Je vous dis ces choses pour ce qu'elles valent. Elles sont réelles ; elles se sont produites. De l'avis de Fat, son appartement s'était trouvé saturé de radiations d'une espèce quelconque. D'ailleurs il avait pu observer le phénomène : une lumière bleue qui dansait comme un feu de Saint-Elme. Qui plus est, l'aura qui grésillait autour de l'appartement se comportait comme un être vivant et doté d'intelligence. À mesure qu'elle pénétrait à l'intérieur des objets, elle intervenait dans les lois de causalité qui les affectaient. Et lorsqu'elle atteignit la tête de Fat, elle lui transmit, non seulement de l'information, mais encore une personnalité. Une personnalité qui n'était pas celle de Fat. Un individu doté de souvenirs, d'habitudes, de goûts et de manies différents. [SIVA, p 155]

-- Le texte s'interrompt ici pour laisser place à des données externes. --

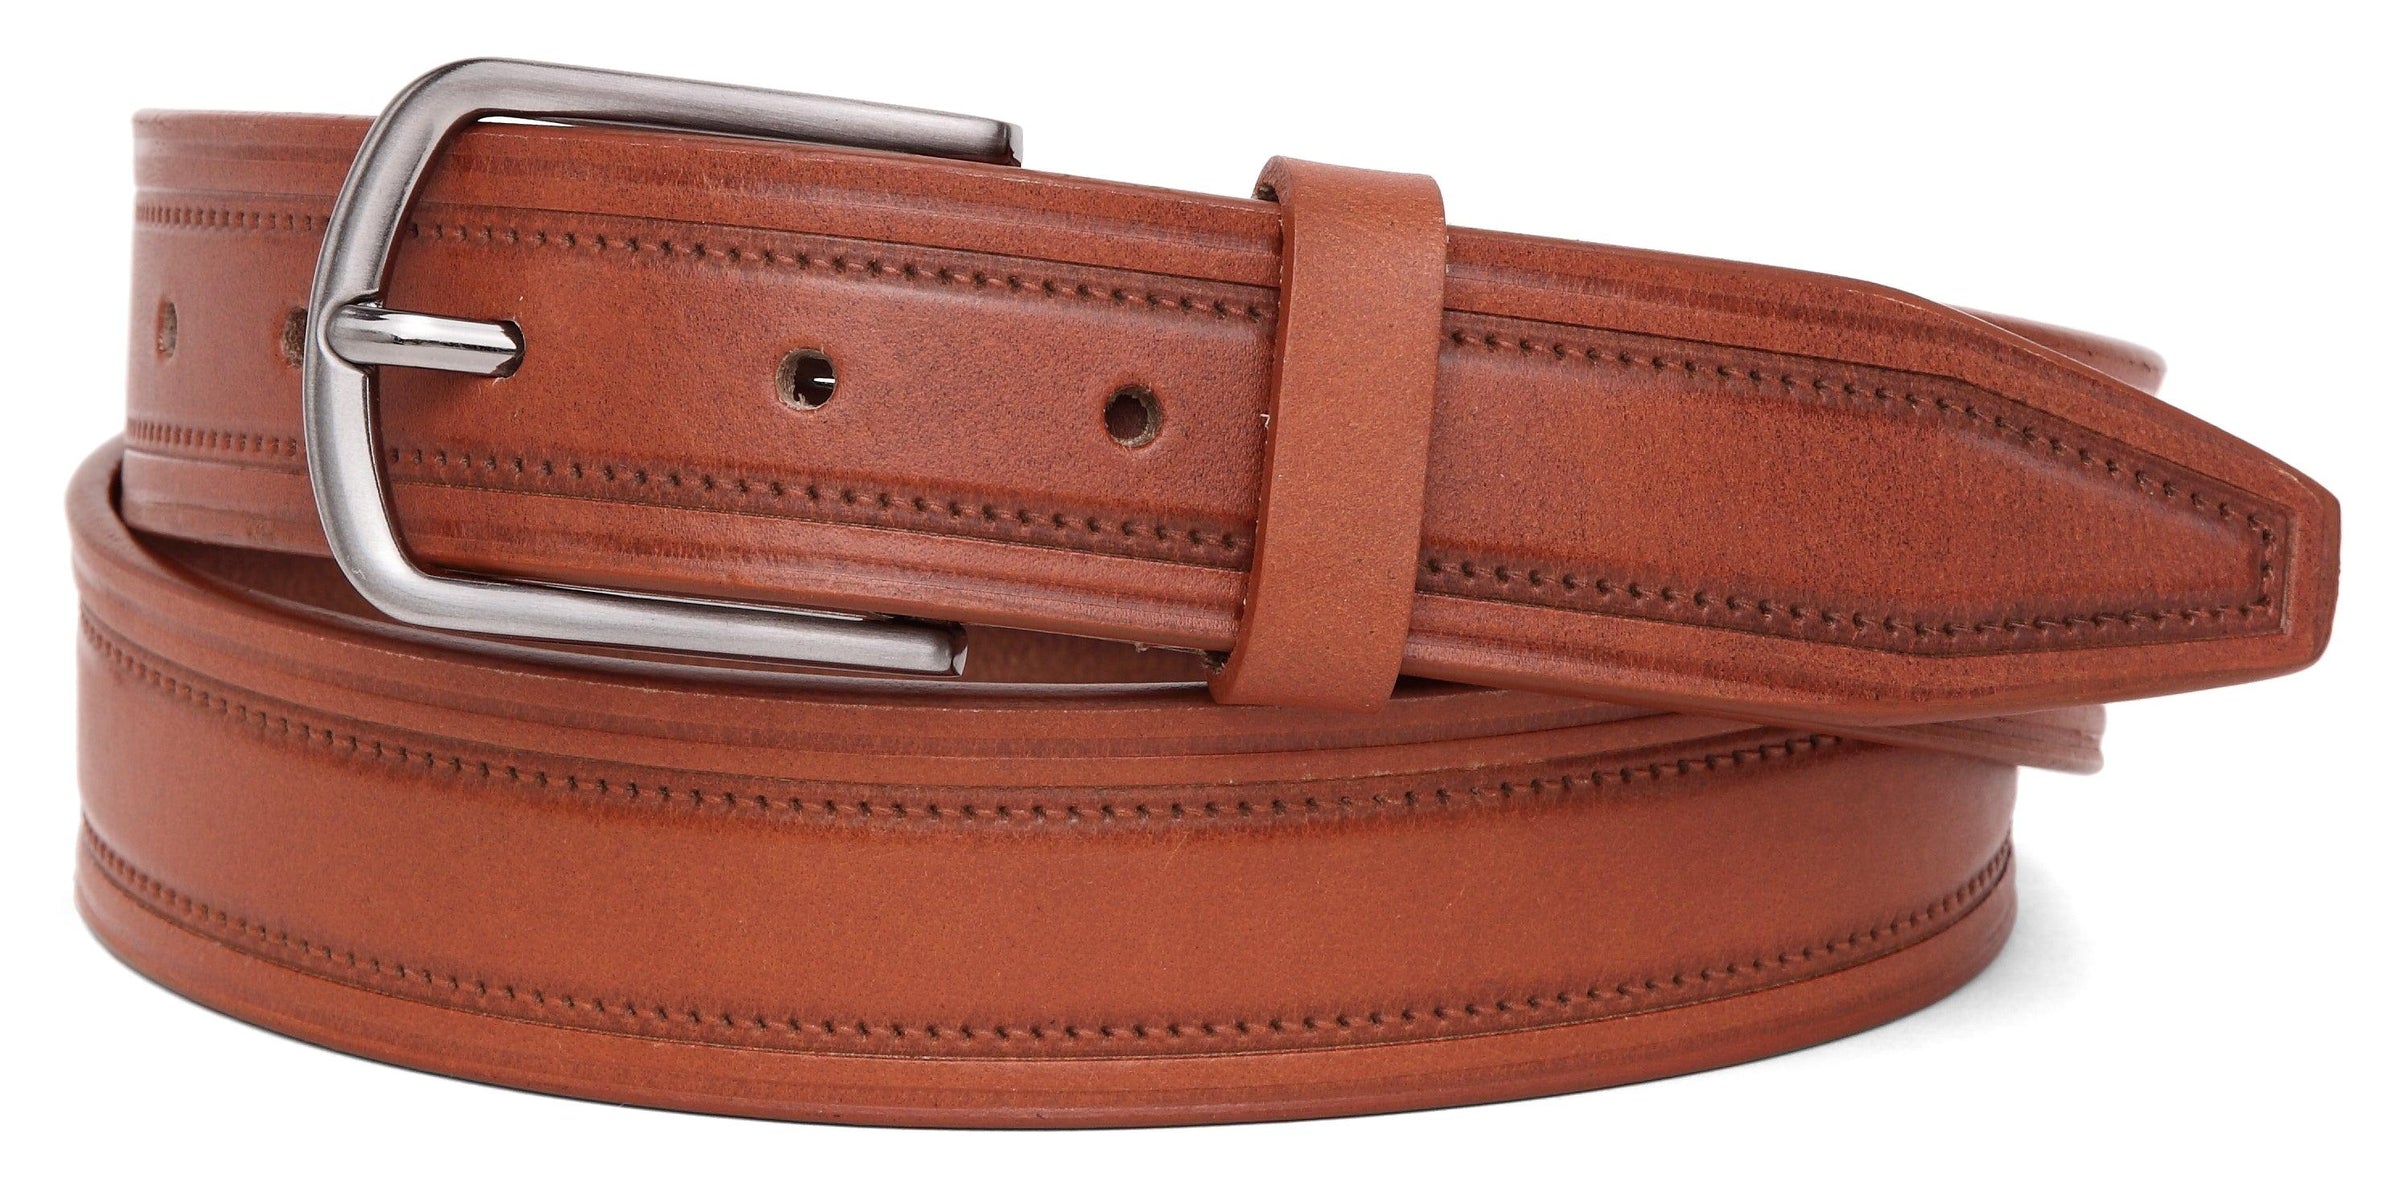 casual leather belt

La question devant nous est simple. PKD était-il barjo ? Il passa les huit dernières années de sa vie à parler et à écrire sur son « expérience religieuse ». Il avait appris le véritable sens de l'ancienne phrase « Il a vu la lumière ». Était-il simplement totalement dingue ? Lisait-il mes livres et mes articles ? Se droguait-il ?
Dieu - c'est ce qu'il nous racontait - lui avait braqué un faisceau de lumière rose droit sur le visage, en plein dans les yeux ; il s'était retrouvé momentanément aveugle et avait eu mal au crâne pendant plusieurs jours. Ce faisceau de lumière rose était facile à décrire, selon lui ; ça ressemblait exactement à une lueur entoptique ou à ce qu'on éprouve quand un flash vous éclate dans la figure. Fat était mentalement obsédé par cette couleur. ... Il vivait pour cette lumière, pour cette nuance particulière.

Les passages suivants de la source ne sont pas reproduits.